Во всяком случае мне (я теперь говорю с эгоистической точки зрения) хотелось встретиться с вами до подобного окончательного устройства вашей судьбы и до окончательного моего превращения в старика. Пять дней, проведенных нами вместе в деревне, показали мне, что между нами много симпатии…»
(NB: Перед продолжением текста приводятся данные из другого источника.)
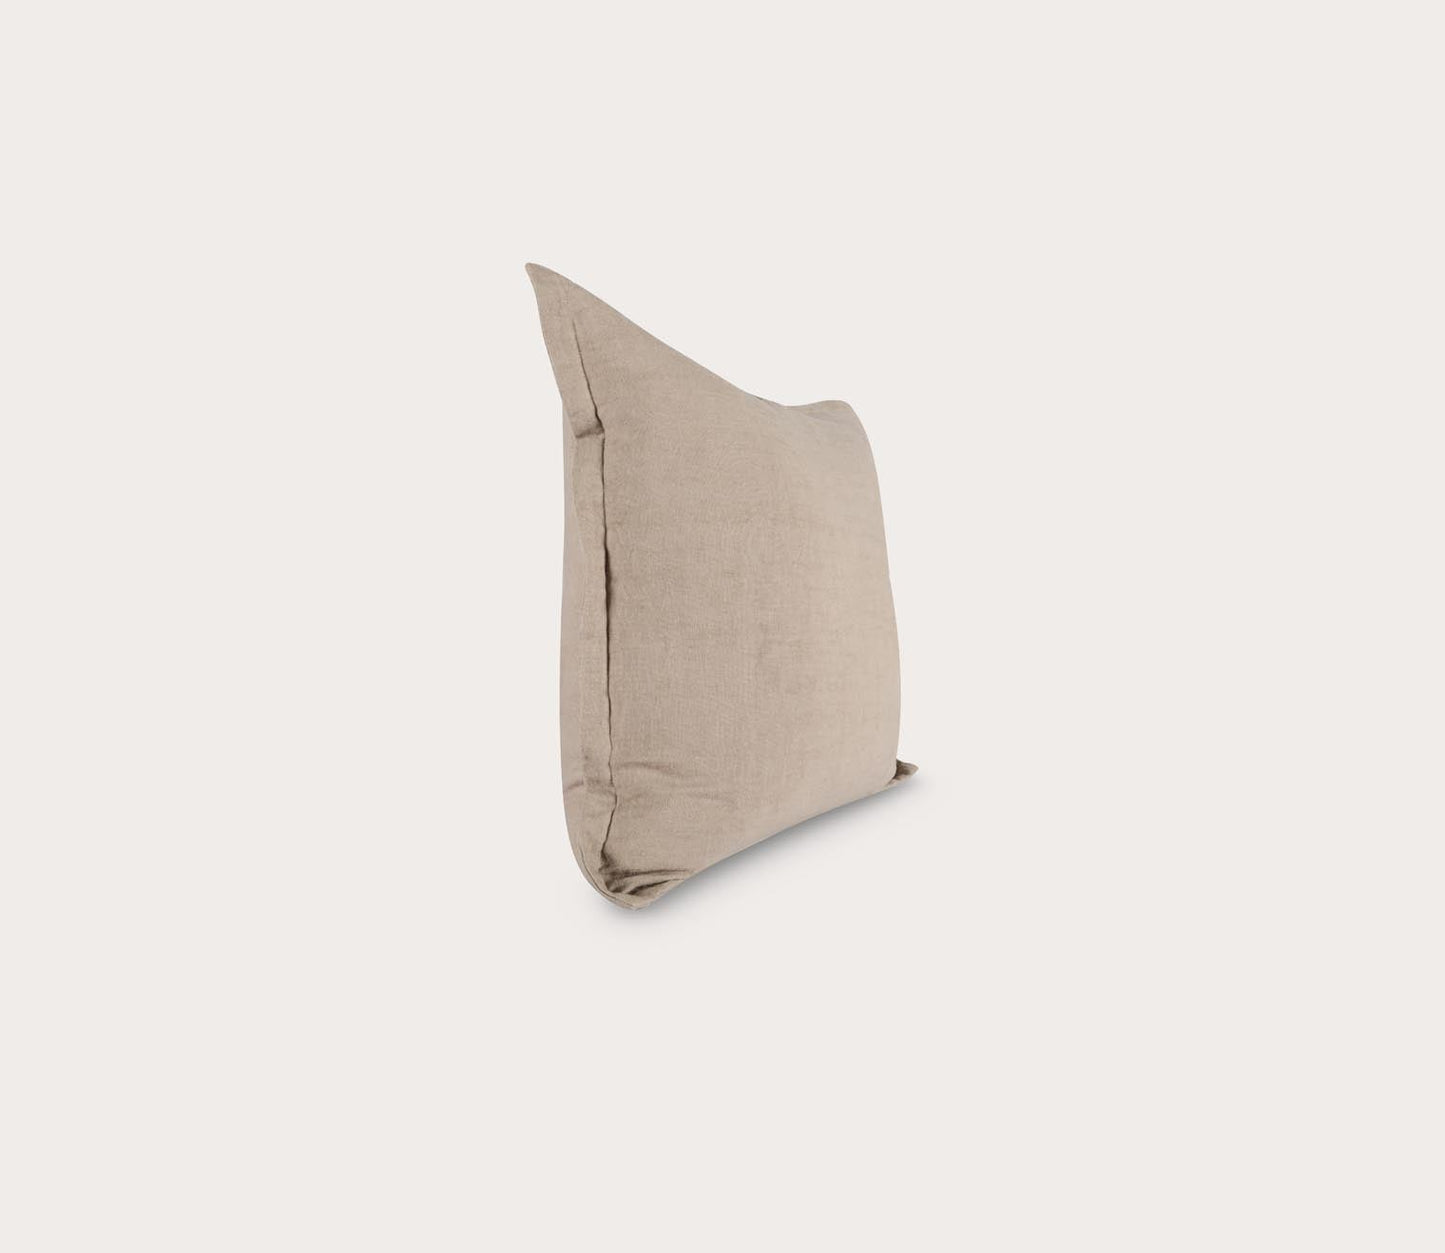 Solstice Flax Linen Throw Pillow by Villa by Classic Home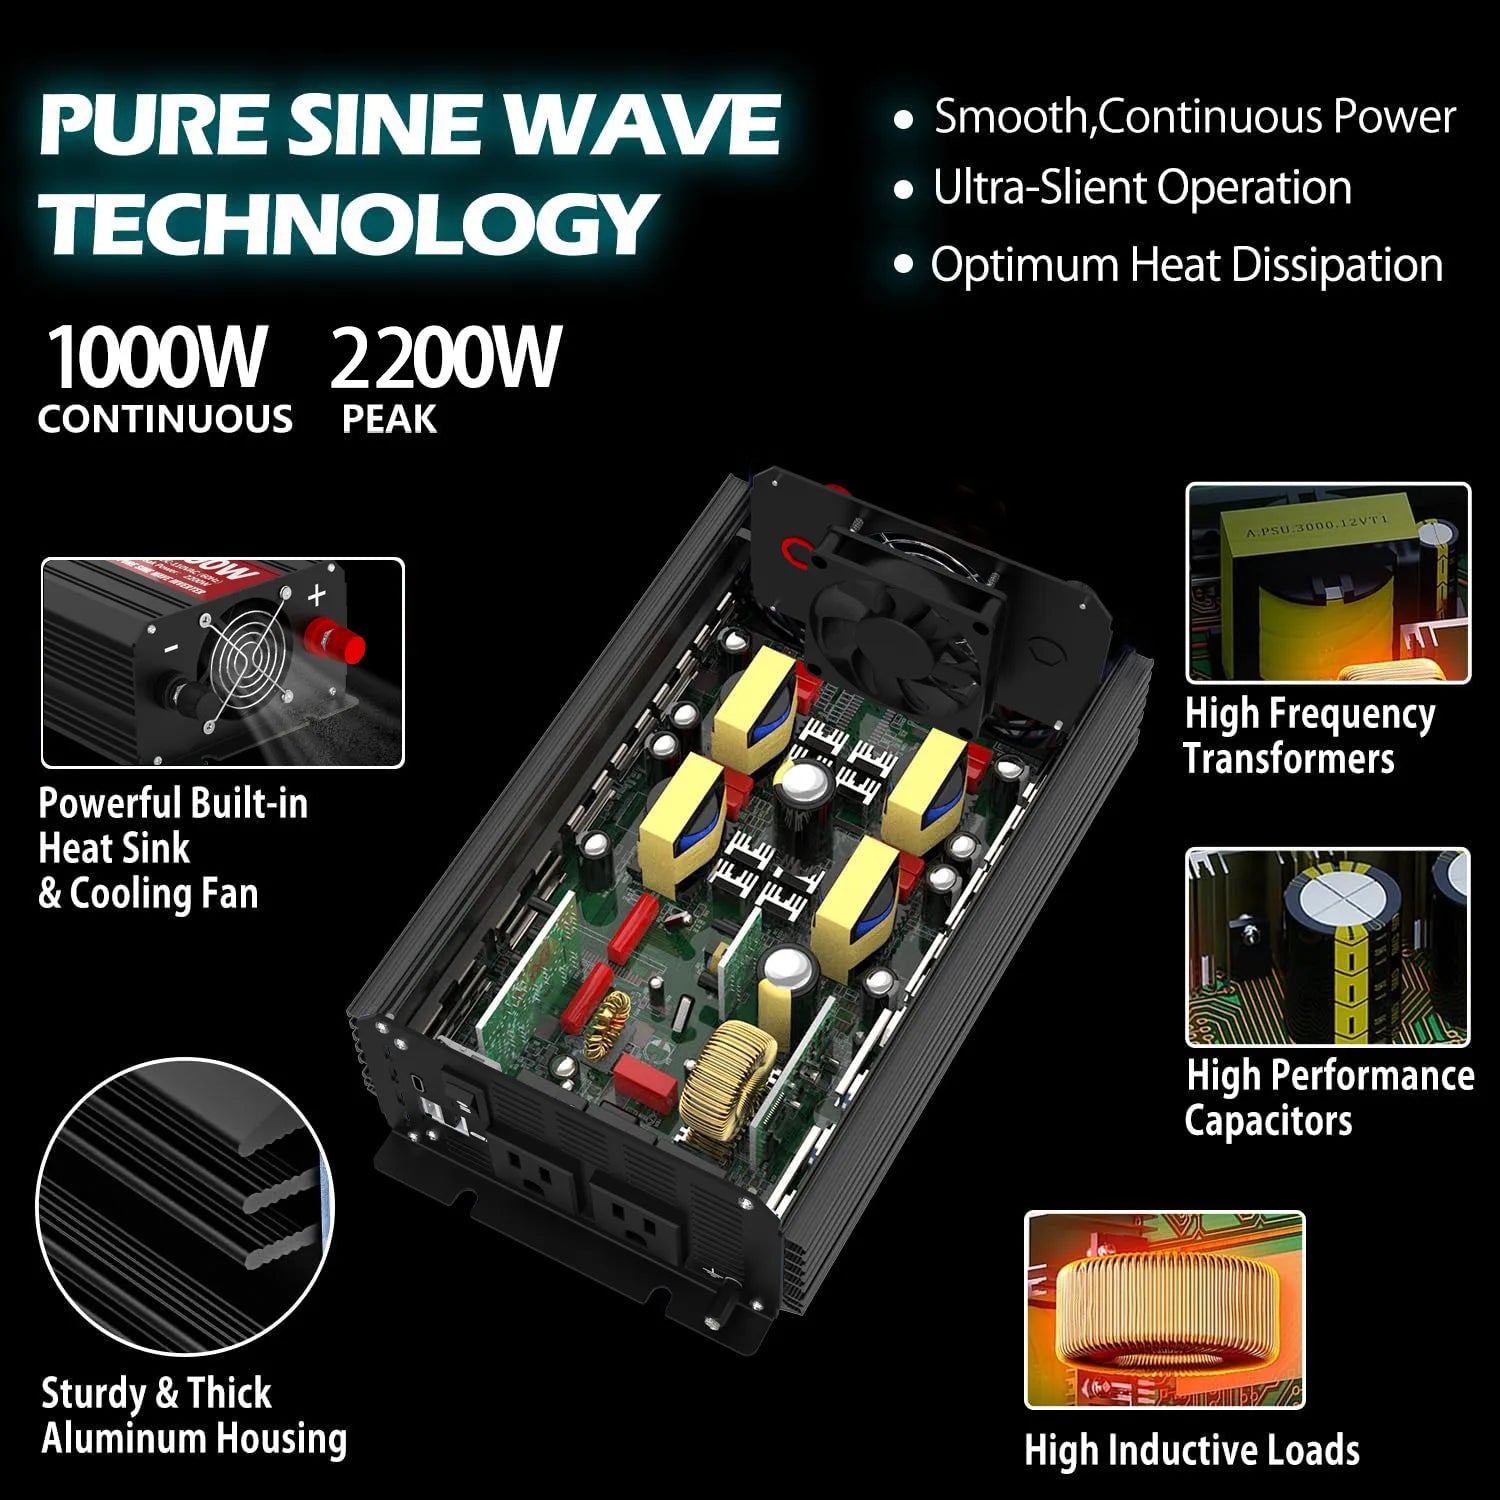 TYCORUN 1000w Inverter Pure Sine Wave 12V DC to AC Power Inverter for Car, Rv, Off Grid, Camp, Solar System

Между тем привычная парижская жизнь уже начнет предъявлять свои требования, засасывать в трясину повседневных мелочей, обязательных и необязательных. Обыденному станет трудно сопротивляться — останется лишь надежда на случай. Счастливый случай. И в будущем. В канун нового 1875 года доводы разума, как ему будет казаться, возьмут верх: «Вы пишете, что очень ко мне привязались, но и я вас очень люблю, и много ли, мало ли между нами общего — это в сущности неважно. У нас взаимное влечение друг к другу — вот что важно. Мне очень бы хотелось свидеться с вами, и я надеюсь, что это мое желание весной исполнится. Правда, мы оба тогда будем пить богемские воды, что менее поэтично, но что же делать? — Если вам 33 года, а мне целых 55 — вот что не следует упускать из вида».
Вежливая точка поставлена. Тургенев не принадлежит самому себе. Чего-то и почему-то надо ждать, на что-то зачем-то надеяться. И вдруг, как взрыв отчаяния, испуга, что все может и на самом деле сложиться по его словам, тургеневские строчки из того же Парижа 1 февраля 1875 года: «Уж как там ни вертись, а должен сознаться, что если и не веревочкой и не черт — а кто-то связал нас. Вы мне ужасно понравились, как только я с вами познакомился; потом мы как будто несколько разошлись; но со времени посещения в деревне узелок опять затянулся — и на этот раз довольно плотно. Смотрите не вздумайте ни перерубать, ни развязывать этот узелок…»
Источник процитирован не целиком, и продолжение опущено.